__INFORMATION__.
********
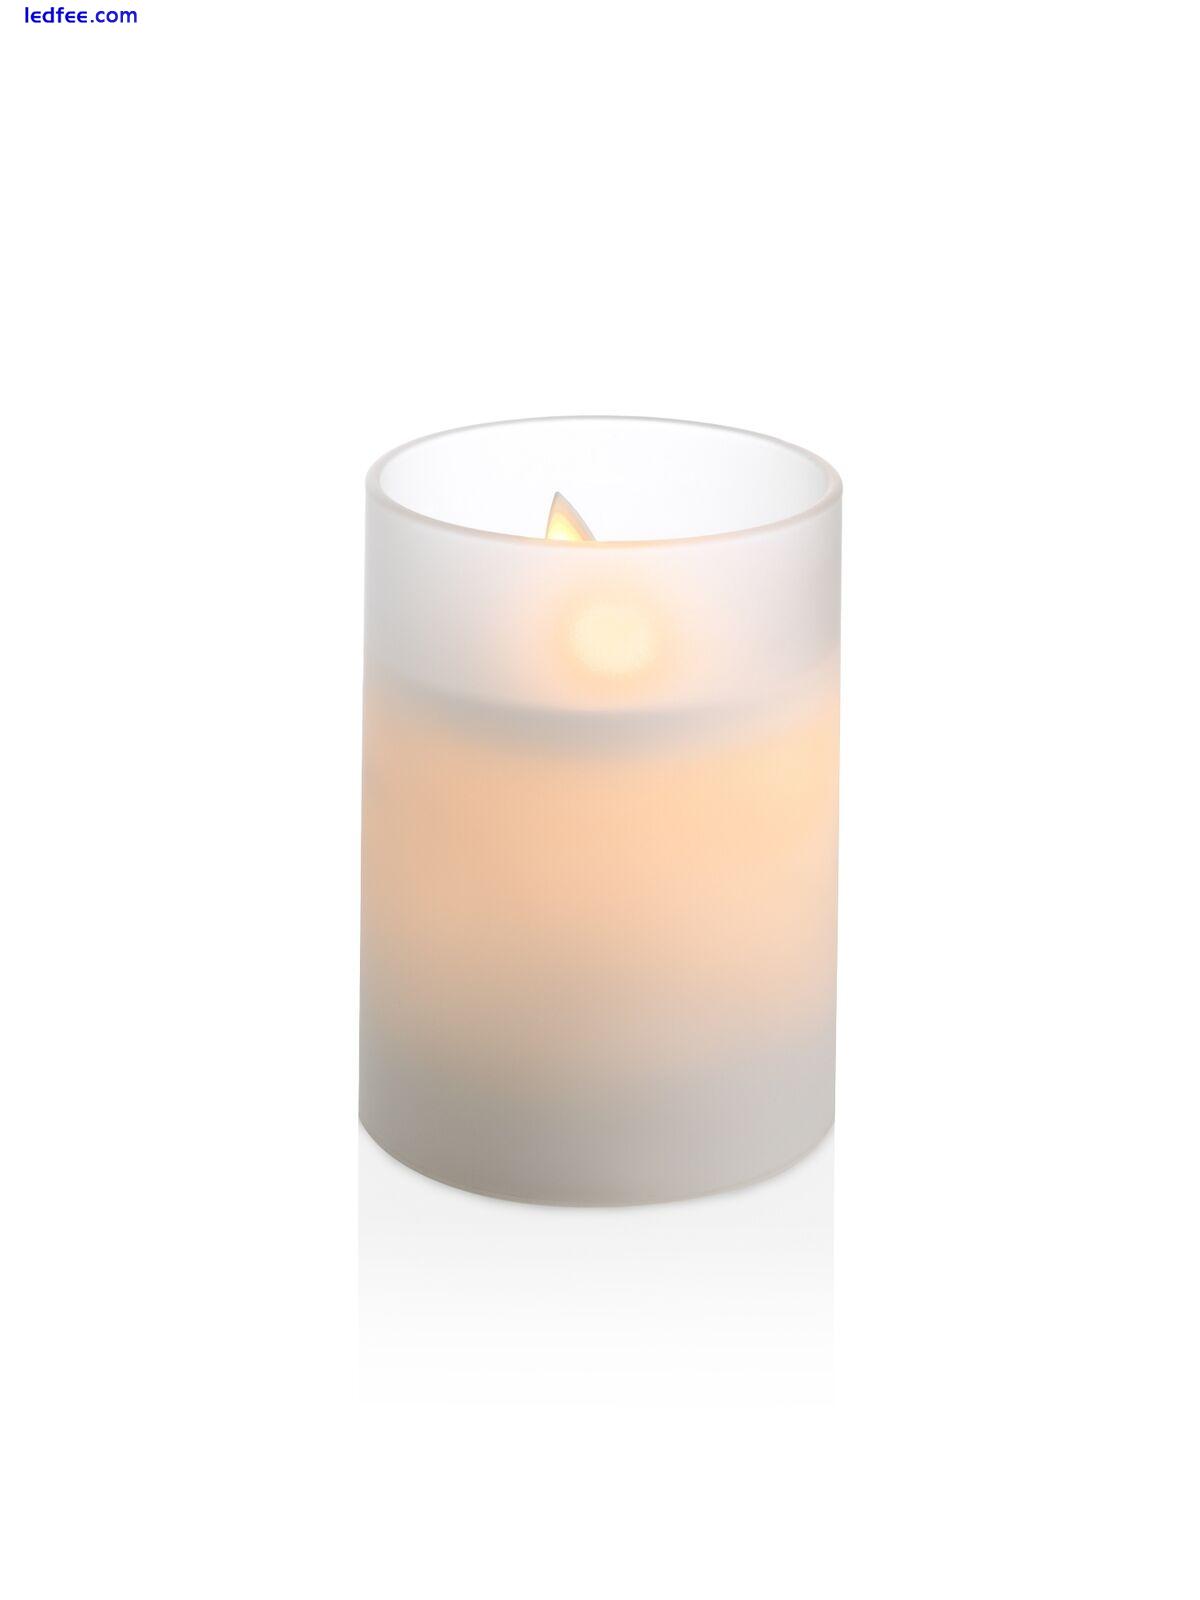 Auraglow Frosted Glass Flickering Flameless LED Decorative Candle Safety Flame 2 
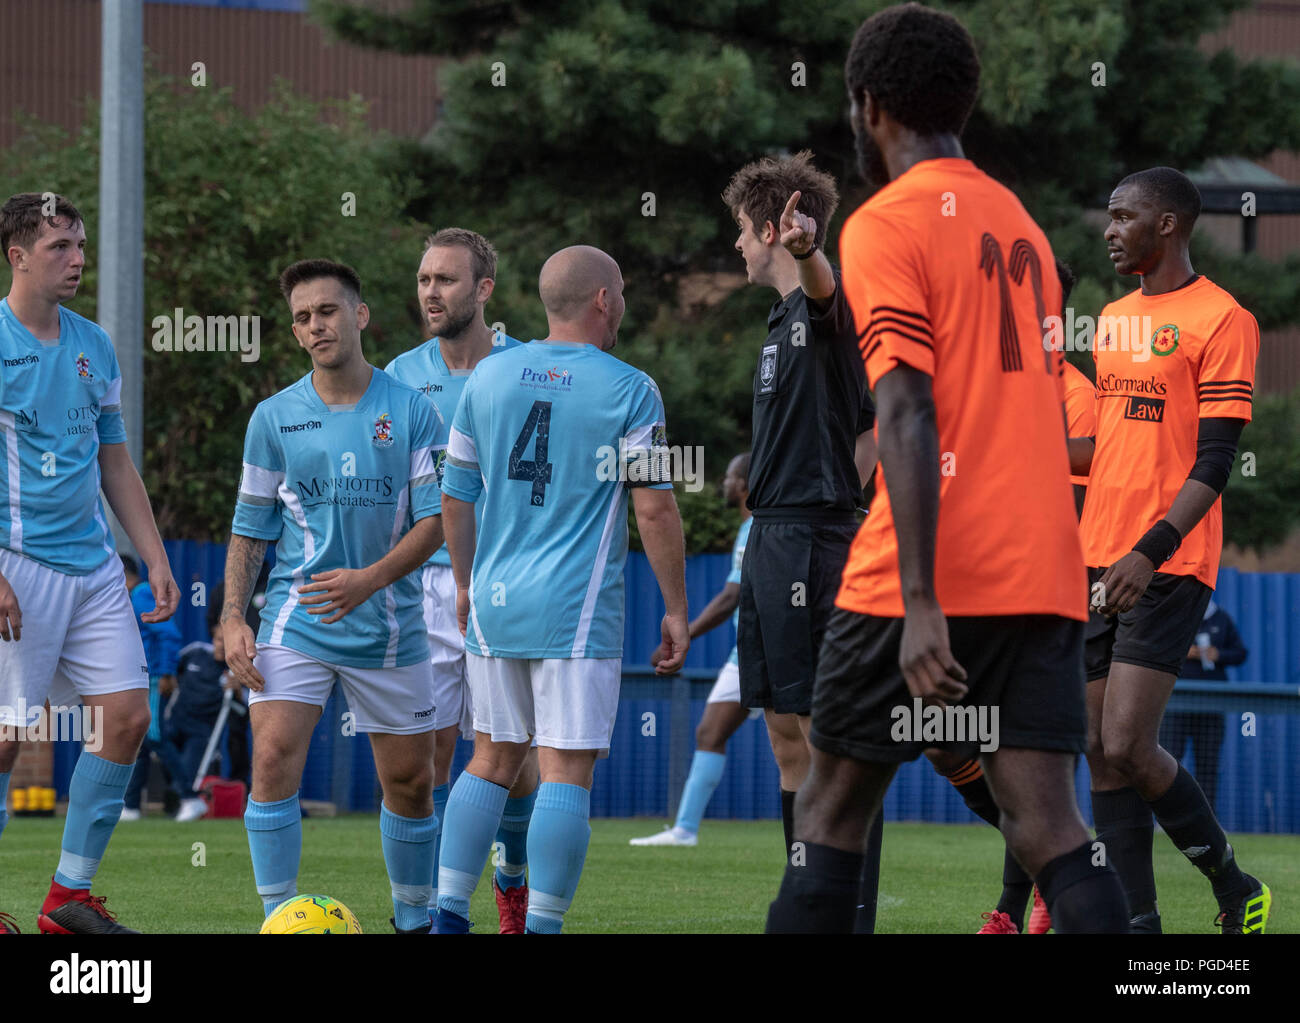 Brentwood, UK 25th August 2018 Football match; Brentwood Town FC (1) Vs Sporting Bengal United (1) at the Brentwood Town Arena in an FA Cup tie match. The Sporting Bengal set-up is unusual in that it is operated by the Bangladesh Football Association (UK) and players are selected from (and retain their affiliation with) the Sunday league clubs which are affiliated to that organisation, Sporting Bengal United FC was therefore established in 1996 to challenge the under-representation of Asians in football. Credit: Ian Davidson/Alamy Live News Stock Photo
********
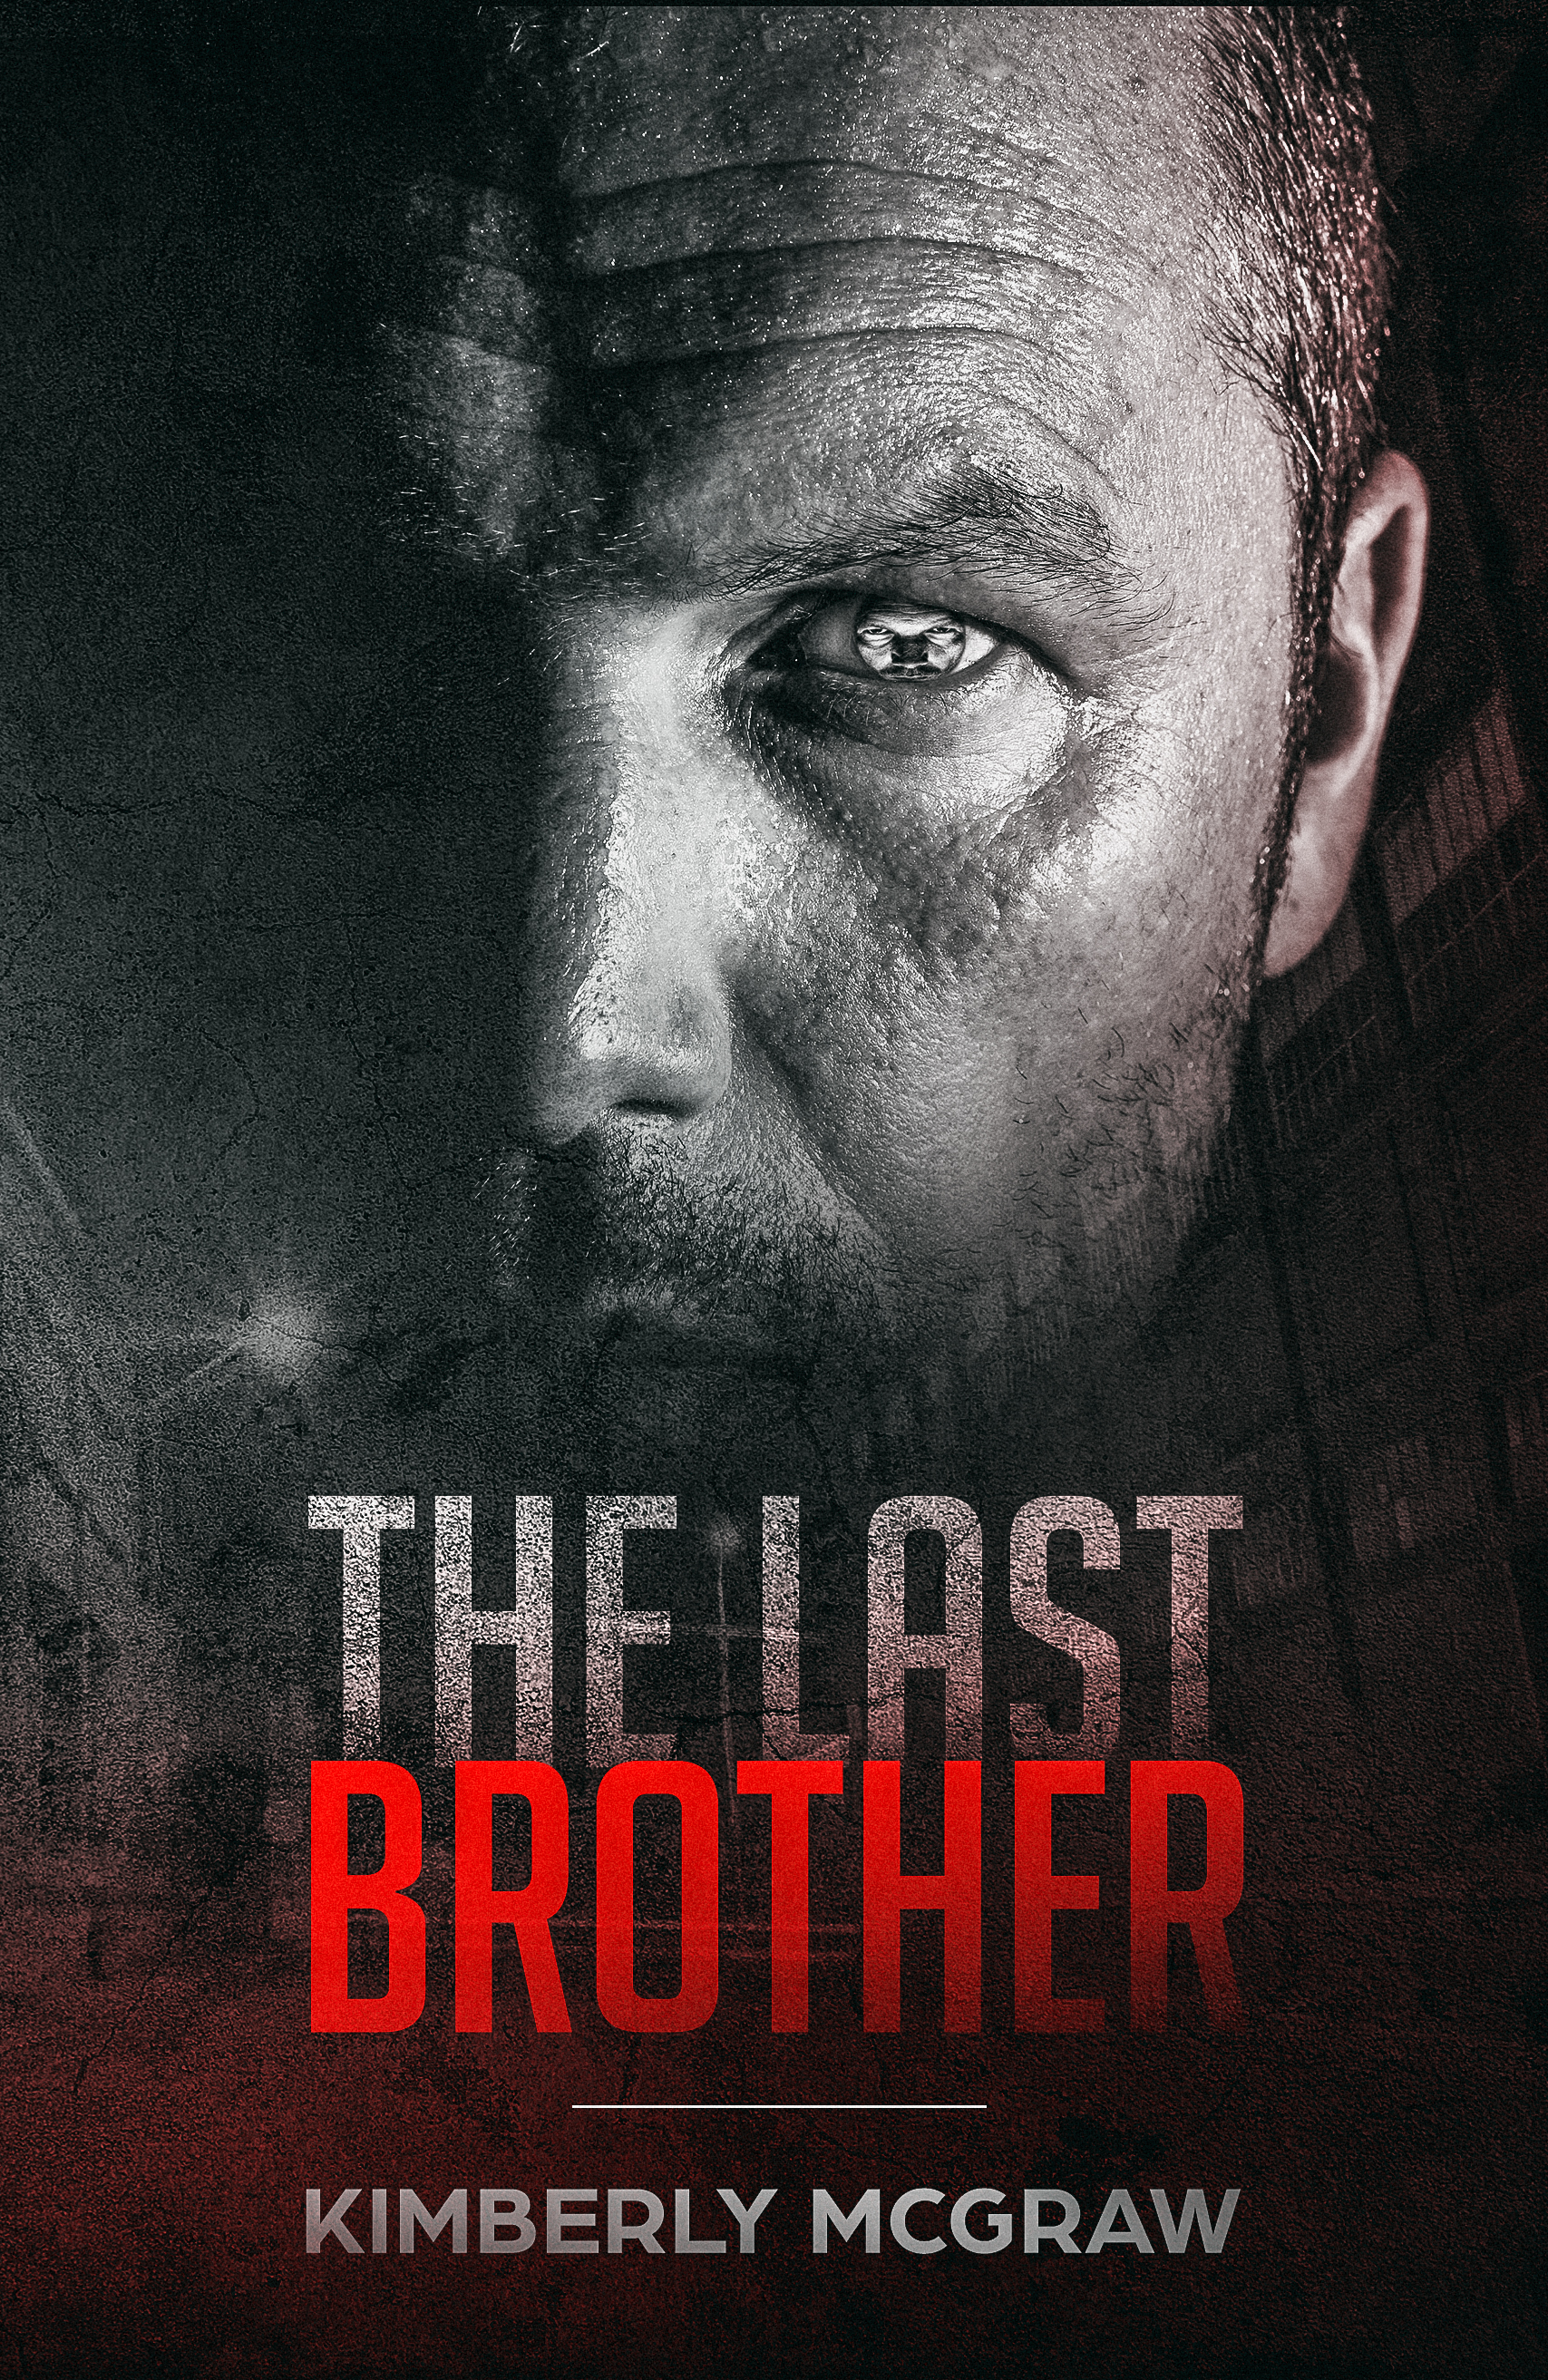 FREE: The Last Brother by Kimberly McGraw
********
From the records above, copy only the lines running from the line containing "Auraglow Frosted Glass" to the line containing "Brentwood, UK 25th", both ends included. Leave the pictures out.

__ANSWER TO THE PROBLEM__.
 Auraglow Frosted Glass Flickering Flameless LED Decorative Candle Safety Flame 2 
 Brentwood, UK 25th August 2018 Football match; Brentwood Town FC (1) Vs Sporting Bengal United (1) at the Brentwood Town Arena in an FA Cup tie match. The Sporting Bengal set-up is unusual in that it is operated by the Bangladesh Football Association (UK) and players are selected from (and retain their affiliation with) the Sunday league clubs which are affiliated to that organisation, Sporting Bengal United FC was therefore established in 1996 to challenge the under-representation of Asians in football. Credit: Ian Davidson/Alamy Live News Stock Photo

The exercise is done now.